Wonwoo nods, digs his nails into his palms.
“Something scary? Like before?”
Another nod.
“What are you talking about?” Seungkwan asks. “I didn’t see anything.”
Mingyu hesitates. “It’s different.” He looks at Seungkwan pointedly, urging him to understand.
He holds Mingyu’s gaze for a few seconds before his eyes grow so big that they look like they’re about ready to pop out from his head. He gapes at Wonwoo before having the grace to cover his mouth.
“Really?” he whispers, eyebrows raised high. “But I didn’t see your eyes change.”
Wonwoo only looks away.
“Did you see something happen at Arisu-ro?” Mingyu asks. “Is that why you looked it up?”
Wonwoo wants to cry. He wants to throw the temper tantrum he never gave himself when each of his parents died. But he’s an adult in front of other adults, and he is not weak. So he sucks it up, steadies himself, and rises back up to his feet. He just has to ignore how shaky his hands are.
“Shadows,” he murmurs. It’s impossible to make his voice any louder. “And smoke.” He clenches his fists. “It- it went after-” He clears his throat, tries to get the stench of blood and smoke out of his nose, can’t. “Seungkwan-ah,” he says, quieter, almost inaudible. “And- and a Jihoon?
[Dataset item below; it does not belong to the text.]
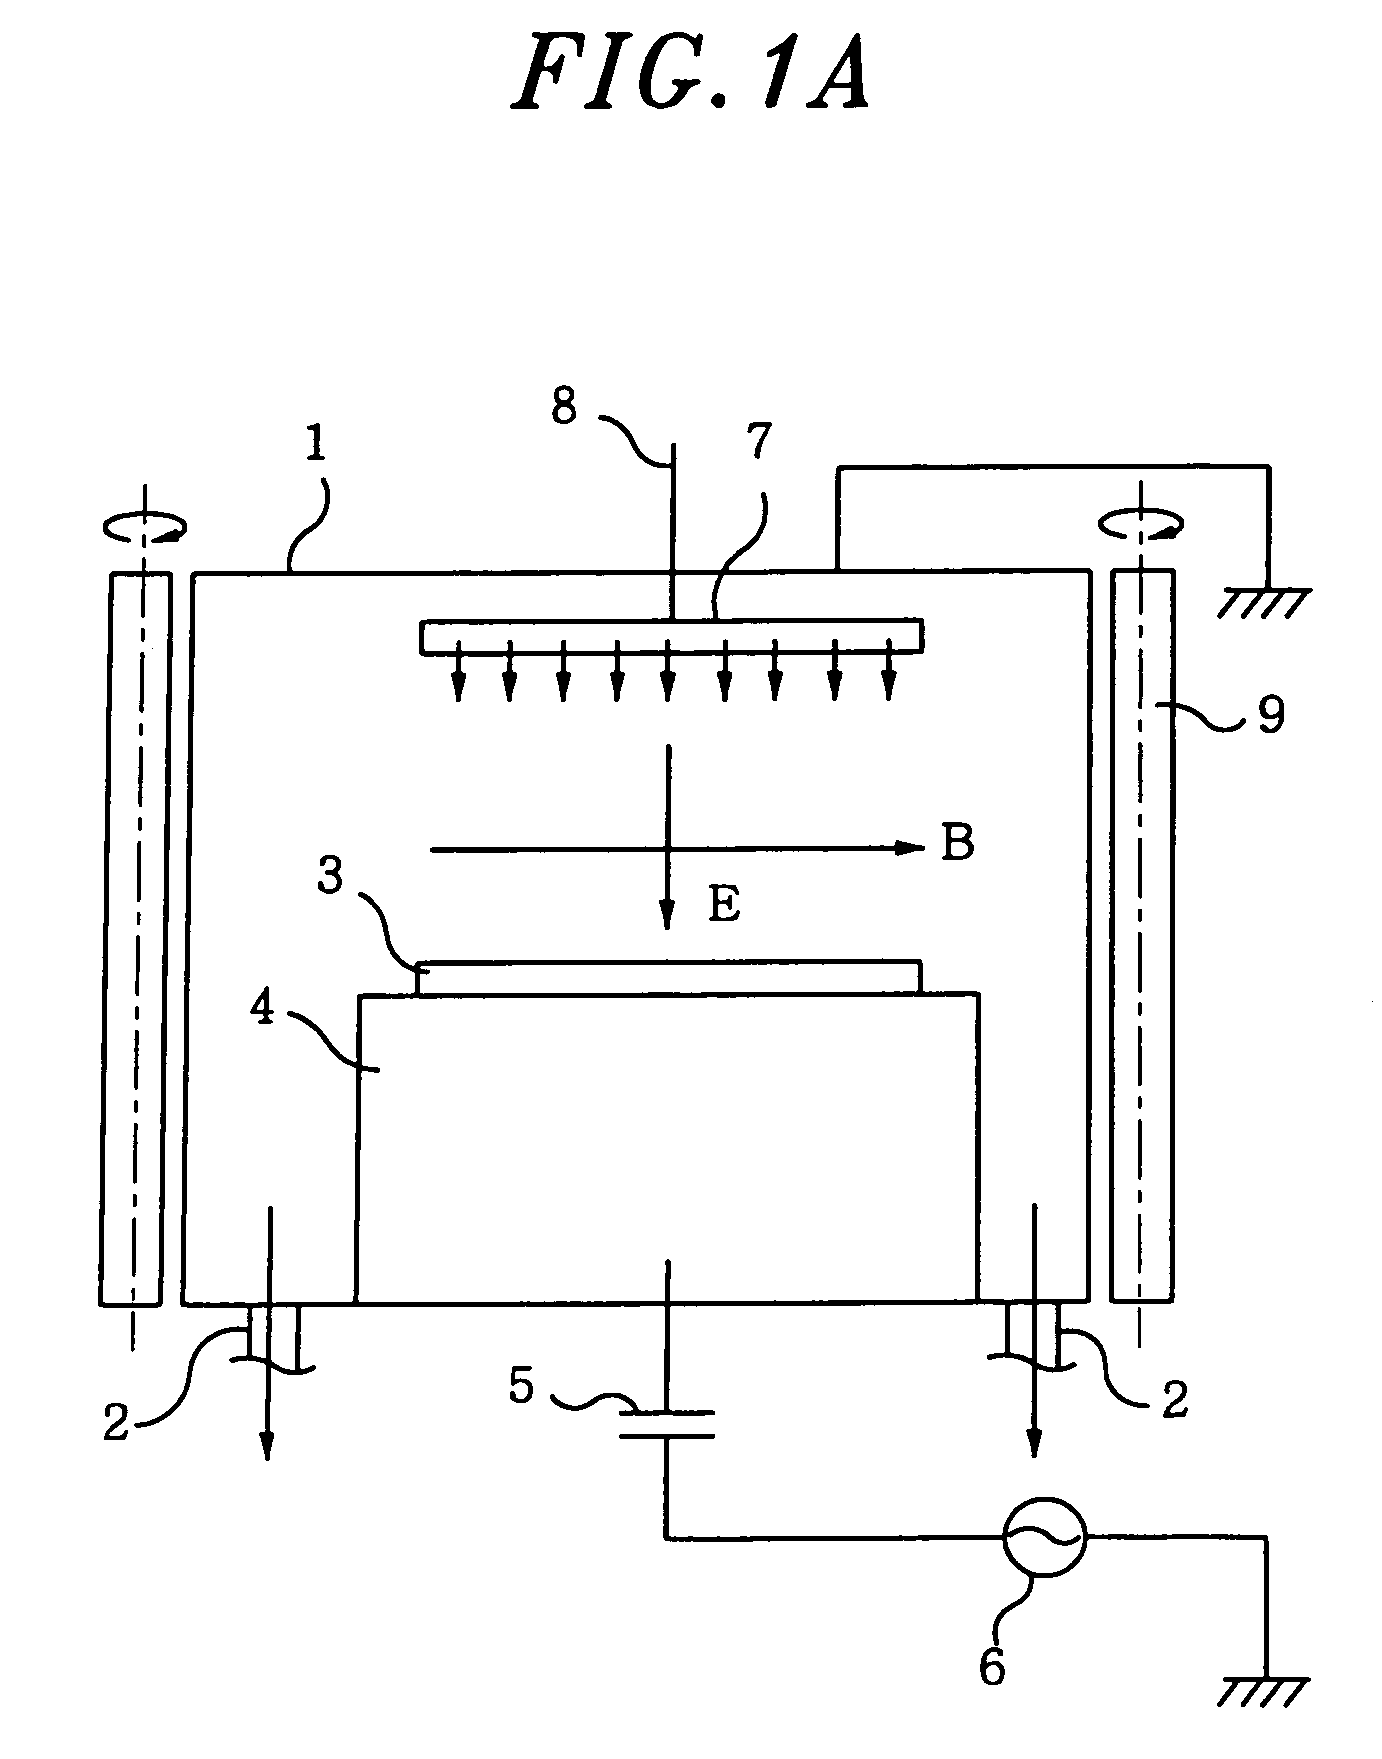 Plasma processing apparatus, control method thereof and program for performing same

A Jihoon-ssi?”
“Jihoon hyung?” Seungkwan blinks. He lowers his voice. “Wait- you know about the shadows?”
“Hyung,” Mingyu says gently. Wonwoo can’t look him in the eye. “You’re okay now. And Seungkwan is fine, too, see?”
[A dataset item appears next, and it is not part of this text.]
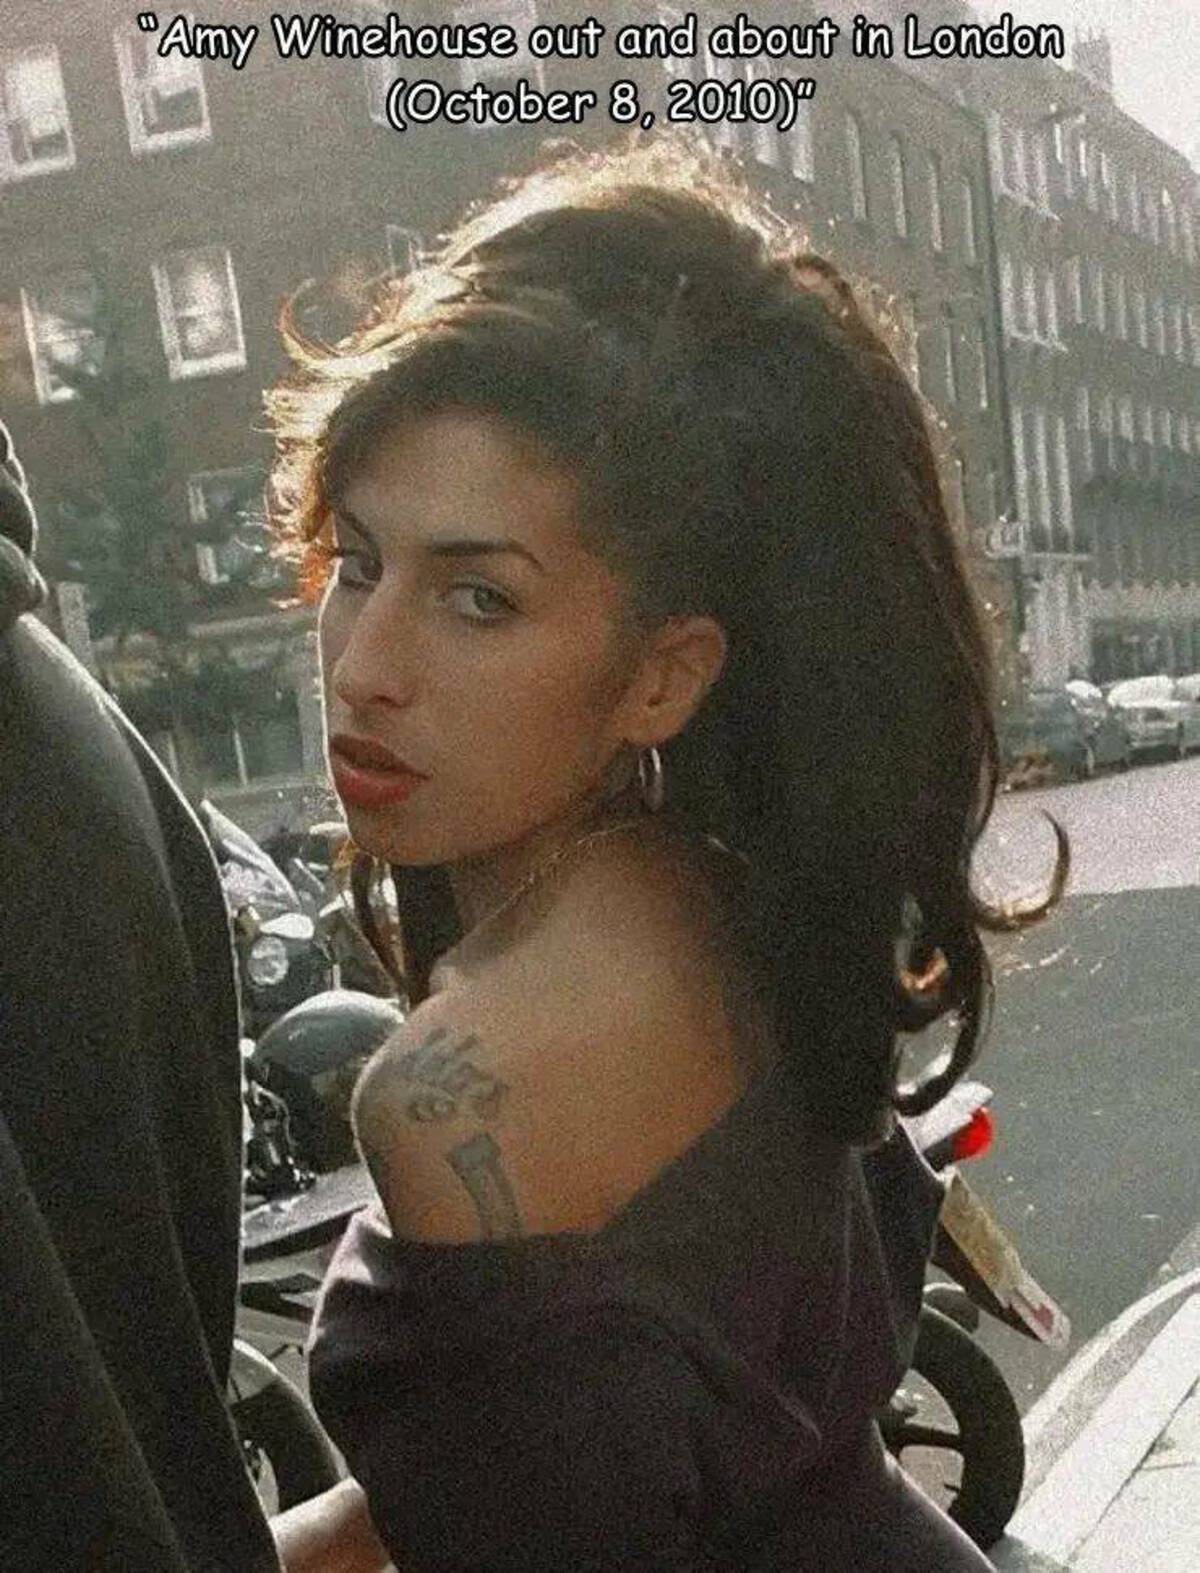 amy winehouse - "Amy Winehouse out and about in London "

“Hm? Yeah, I’m okay. He asked me if I was all right when he-” Seungkwan pauses. “Oh.”
Wonwoo looks up even though he already checked over Seungkwan. It still manages to reassure him when he sees his awkward wave.
“And Jihoonie hyung is fine, too. He texted our group chat earlier, less than an hour ago now. You probably saw what will happen Friday, not today,” Mingyu says.
“Well, it’s definitely not happening now,” Seungkwan says as he pulls out his phone. “I’ll text Jihoonie hyung that we have to reschedule.”
“Really?” Wonwoo asks, watching in awe as Seungkwan types out a message.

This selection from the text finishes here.